Every word in the data below belongs in your copy, exactly as given; the pictures do not.

» **Material provided**:

________________________

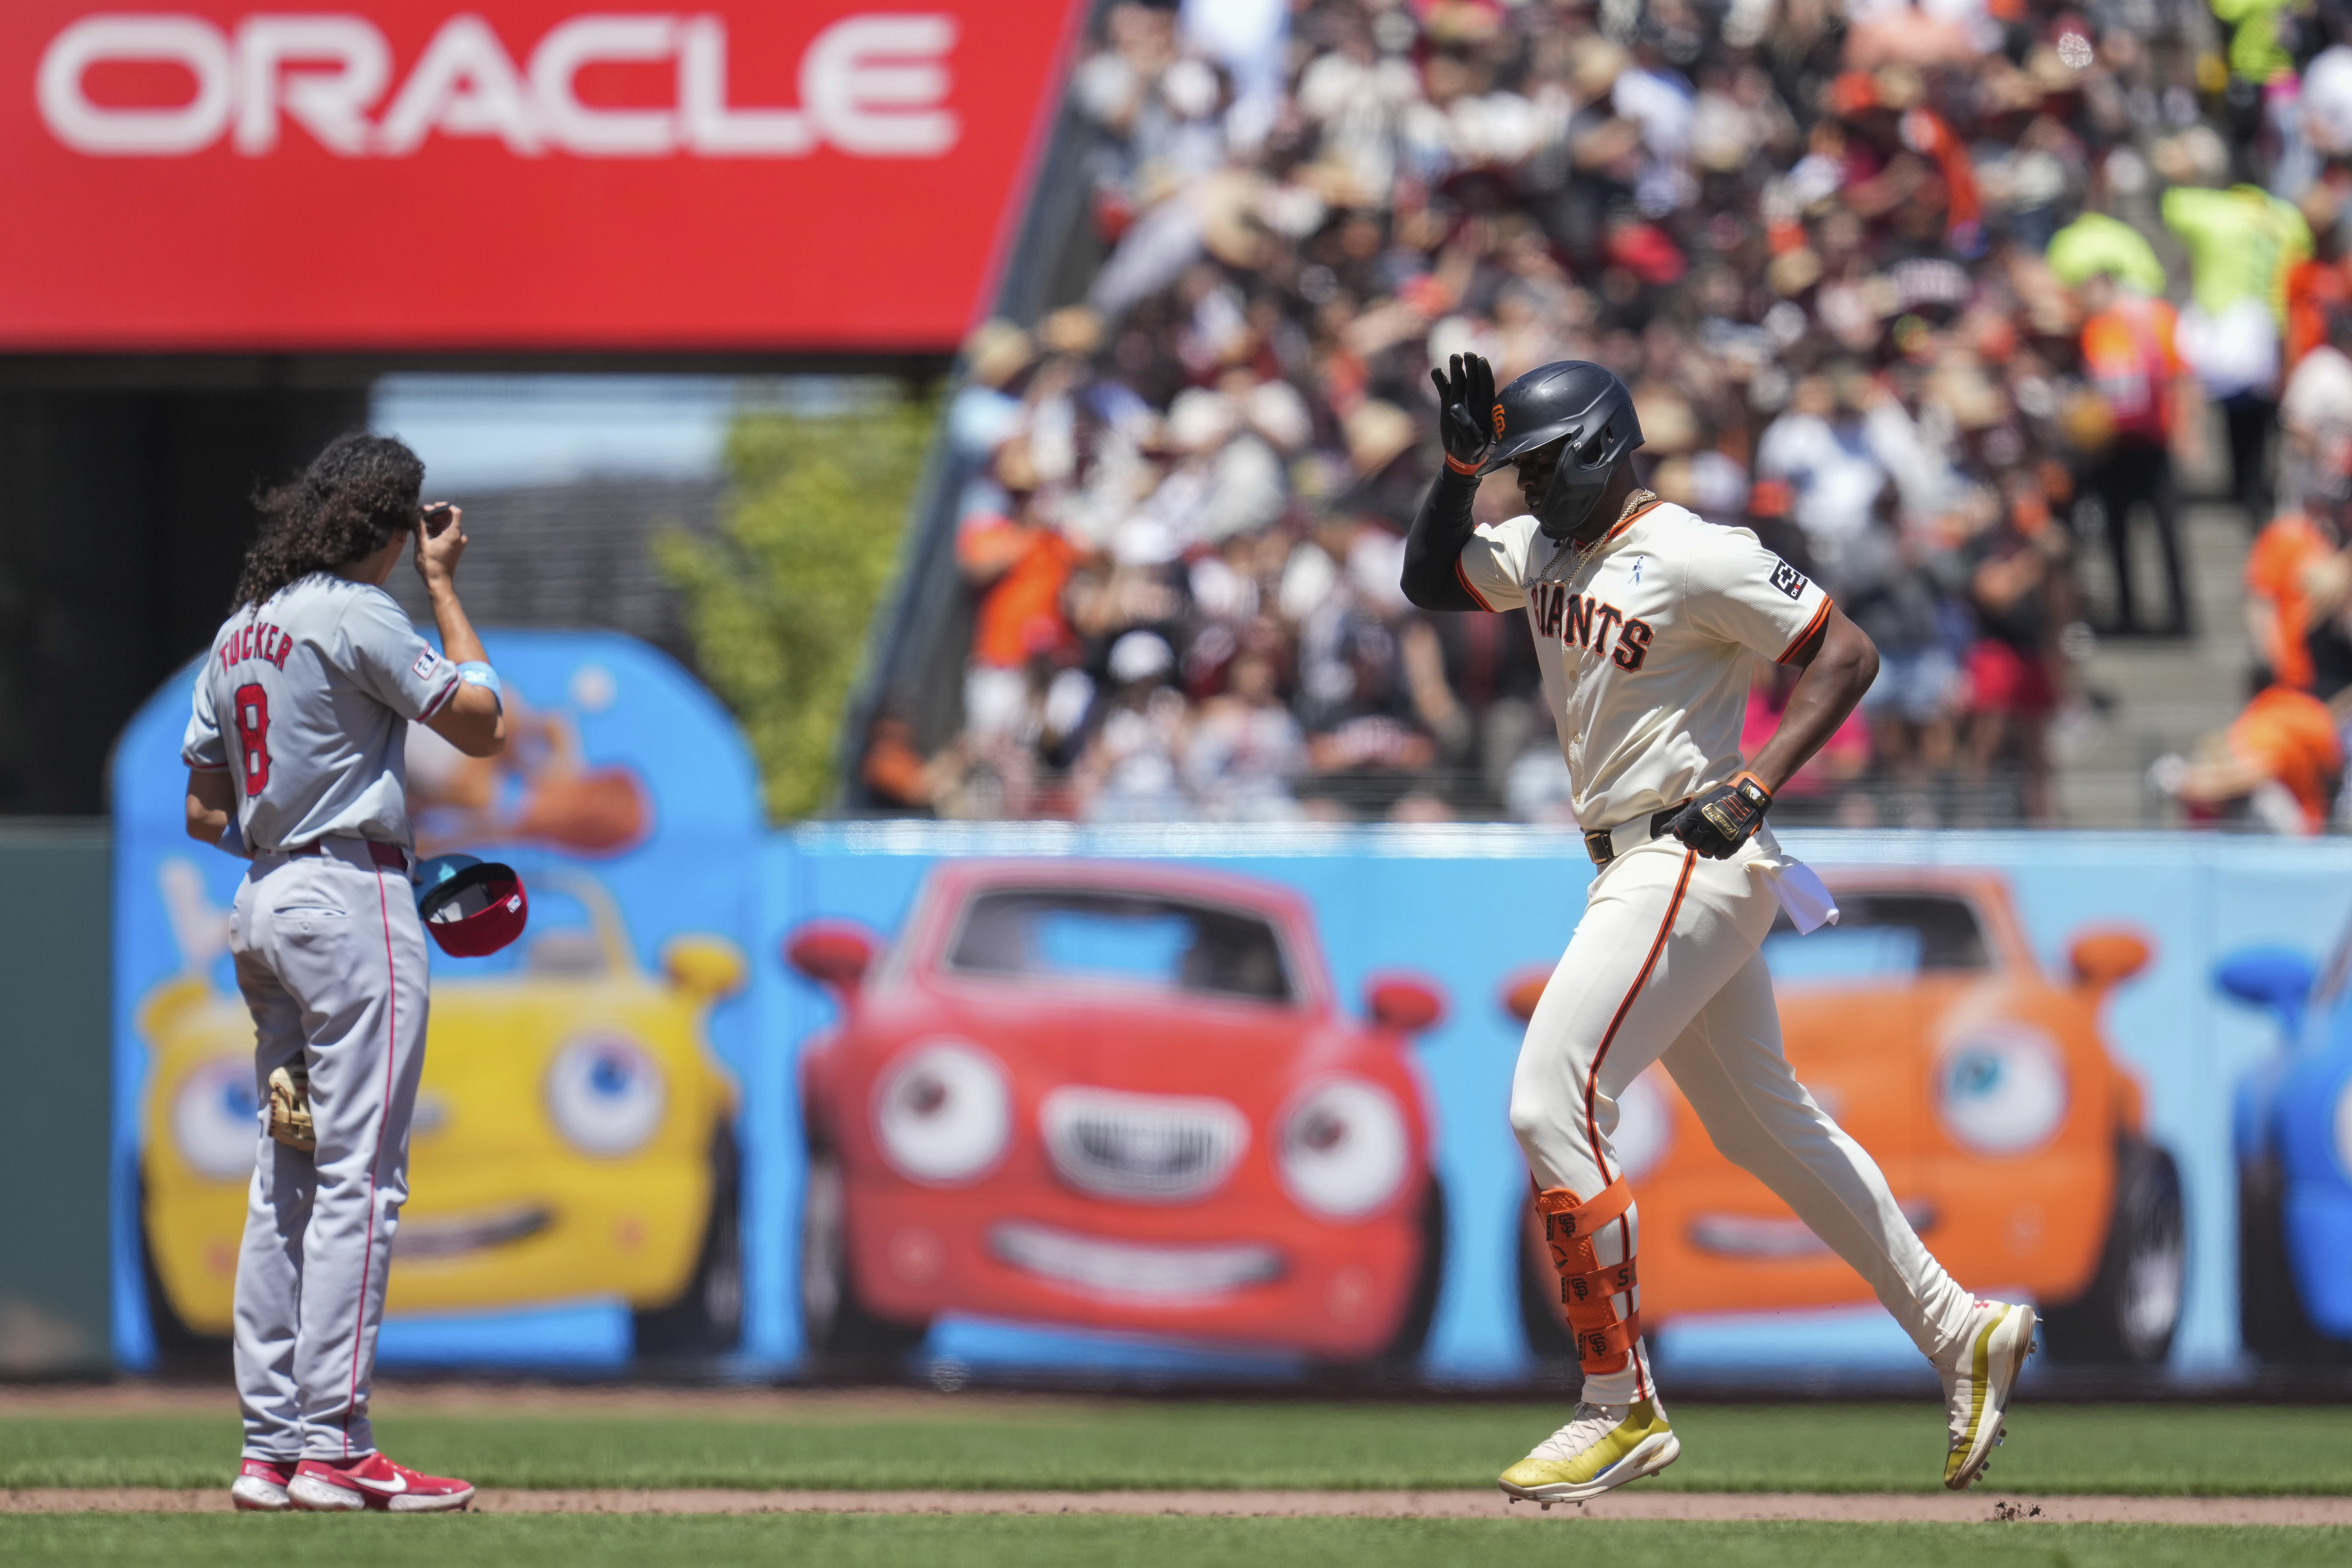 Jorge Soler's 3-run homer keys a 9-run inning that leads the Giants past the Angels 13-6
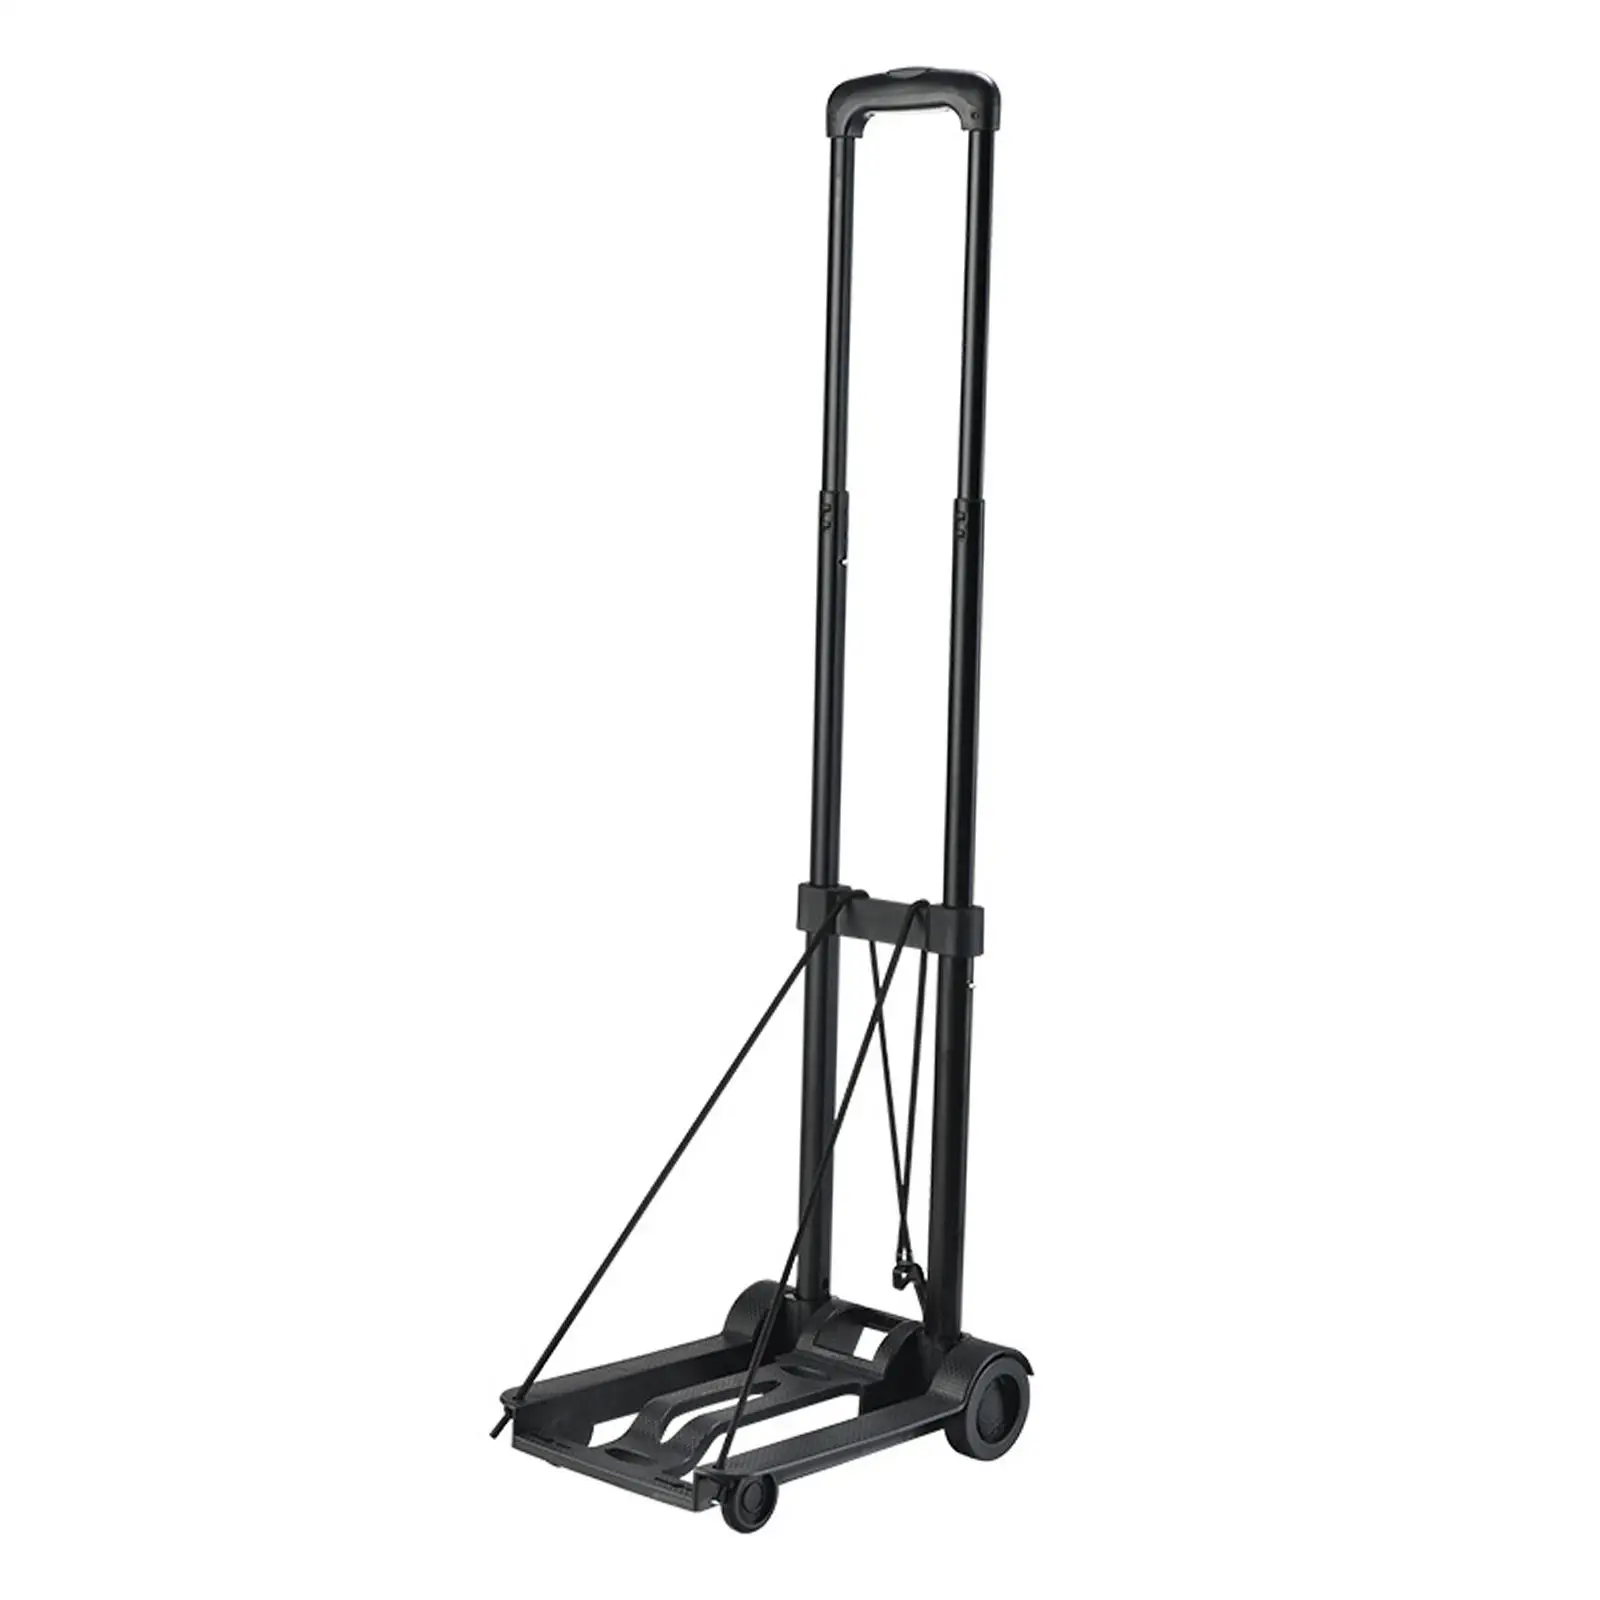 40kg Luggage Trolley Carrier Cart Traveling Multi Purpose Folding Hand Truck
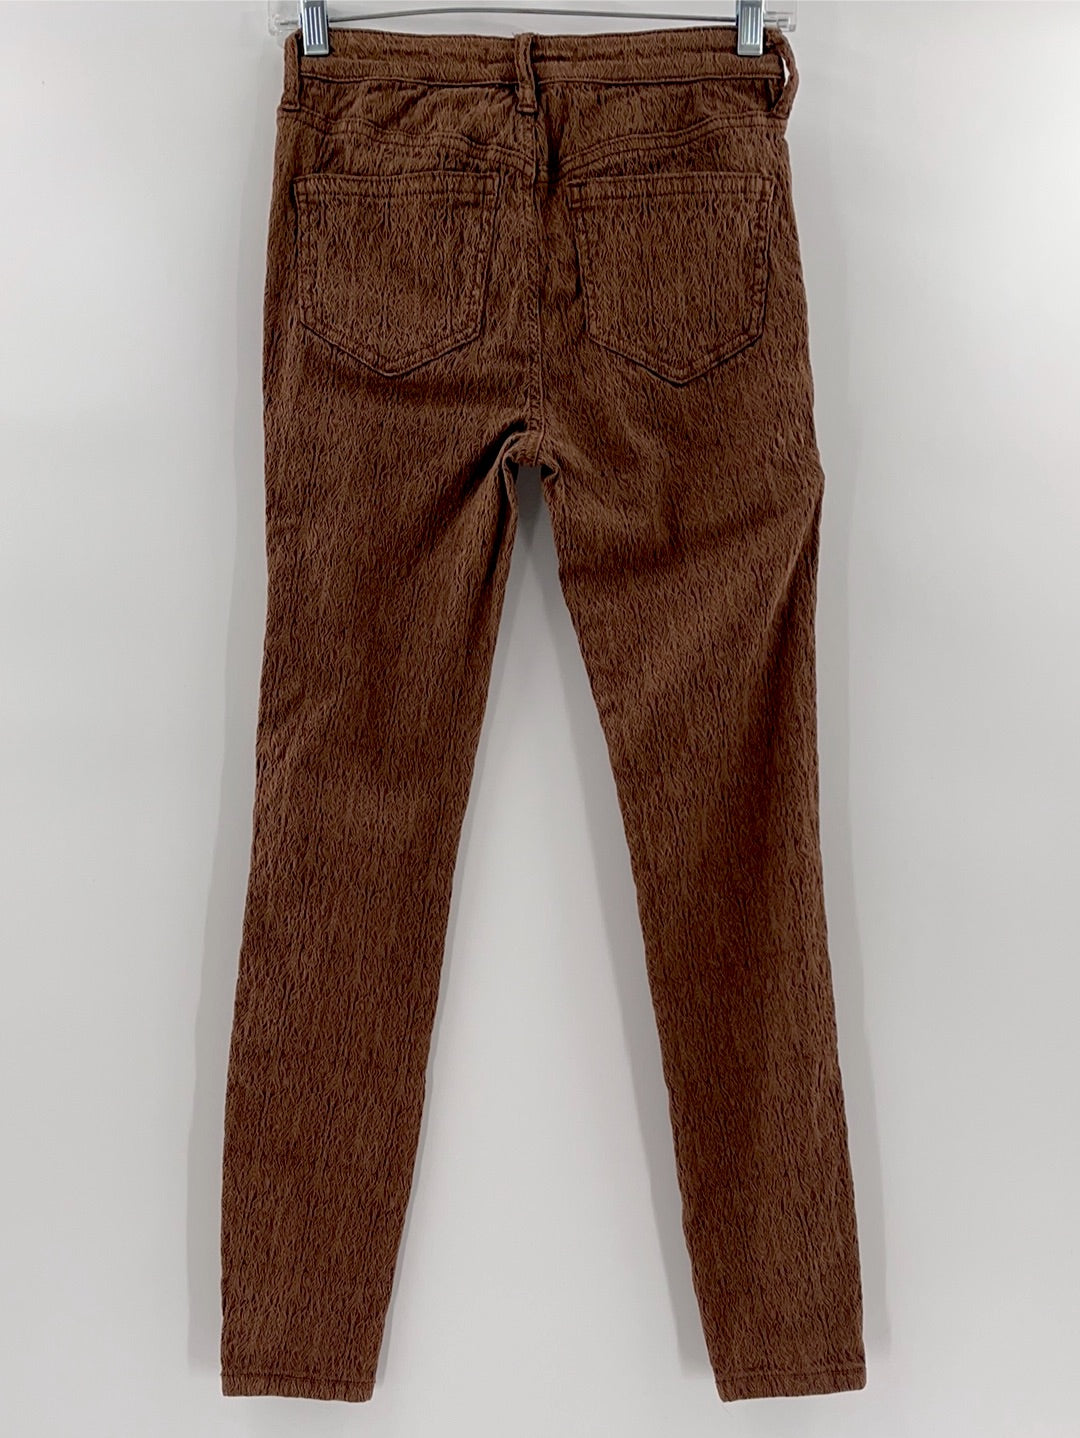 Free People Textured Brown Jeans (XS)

________________________

» **Task solution**:
 Jorge Soler's 3-run homer keys a 9-run inning that leads the Giants past the Angels 13-6
 40kg Luggage Trolley Carrier Cart Traveling Multi Purpose Folding Hand Truck
 Free People Textured Brown Jeans (XS)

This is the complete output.